Genetic Testing in LFS
Generally, health care providers can diagnose a family suspected of LFS by first performing genetic testing for TP53 mutations on a person affected with a cancer characteristic of the syndrome. If this person is found to have a mutation in the TP53 gene, genetic testing can be used to identify other family members with the same specific mutation who would also be at high cancer risk. Family members who do not have the mutation are not at increased cancer risk.
To date, more than 600 families with a TP53 mutation have been reported worldwide. It has been estimated that about 1 person in 20,000 carries a mutation in the TP53 gene. There are no specific subgroups within the general population – that is, people of a particular race, heritage, ethnic background, or shared environment – that are more likely to carry mutations in this gene. One exception does exist; a specificTP53 mutation is responsible for most LFS families in a population residing in Southeastern Brazil. This mutation has been traced back to a single Portuguese ancestor whose descendants helped to settle this geographical area.

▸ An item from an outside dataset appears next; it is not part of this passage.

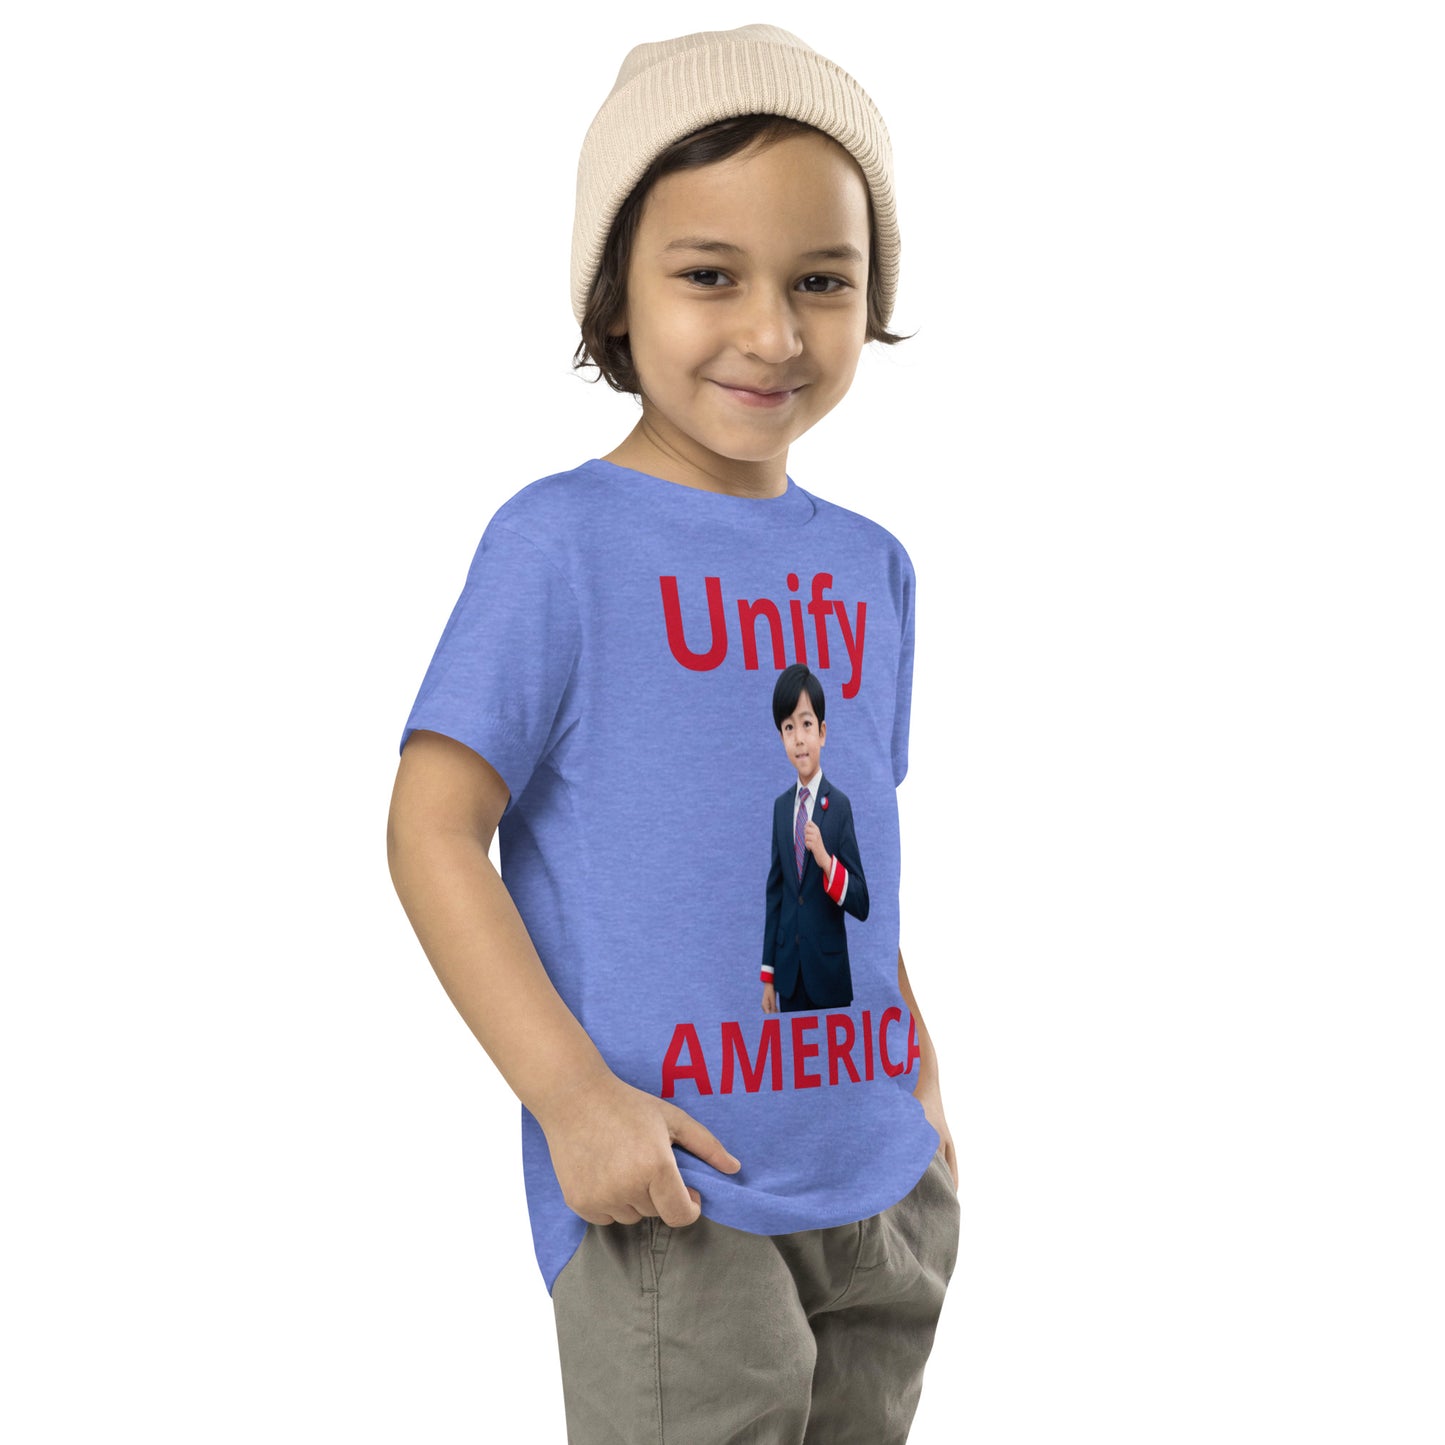 Unify America Asian Toddler Unisex Tee

For those at high cancer risk due to a TP53 mutation, early cancer detection and risk reduction strategies are desirable, but not yet standardized. Among the common LFS-related cancers, screening is available only for breast cancer. Currently, management recommendations are based on a healthcare provider’s best clinical judgment. Doctors can try to find cancers as early as possible in the hope that finding cancer early will lead to more successful treatment. However, using unproven screening strategies has the potential to harm patients. Misleading test results may lead to invasive procedures to rule out malignancy (so-called "false positives"), or can provide false reassurance (so called "false negatives"). Consequently, we believe LFS-related cancer screening is best done as part of a clinical trial, in which the effectiveness of the strategy can be formally and rigorously evaluated. We also need to develop ways to decrease the chance that cancers will occur in the first place, an approach called "risk-reduction."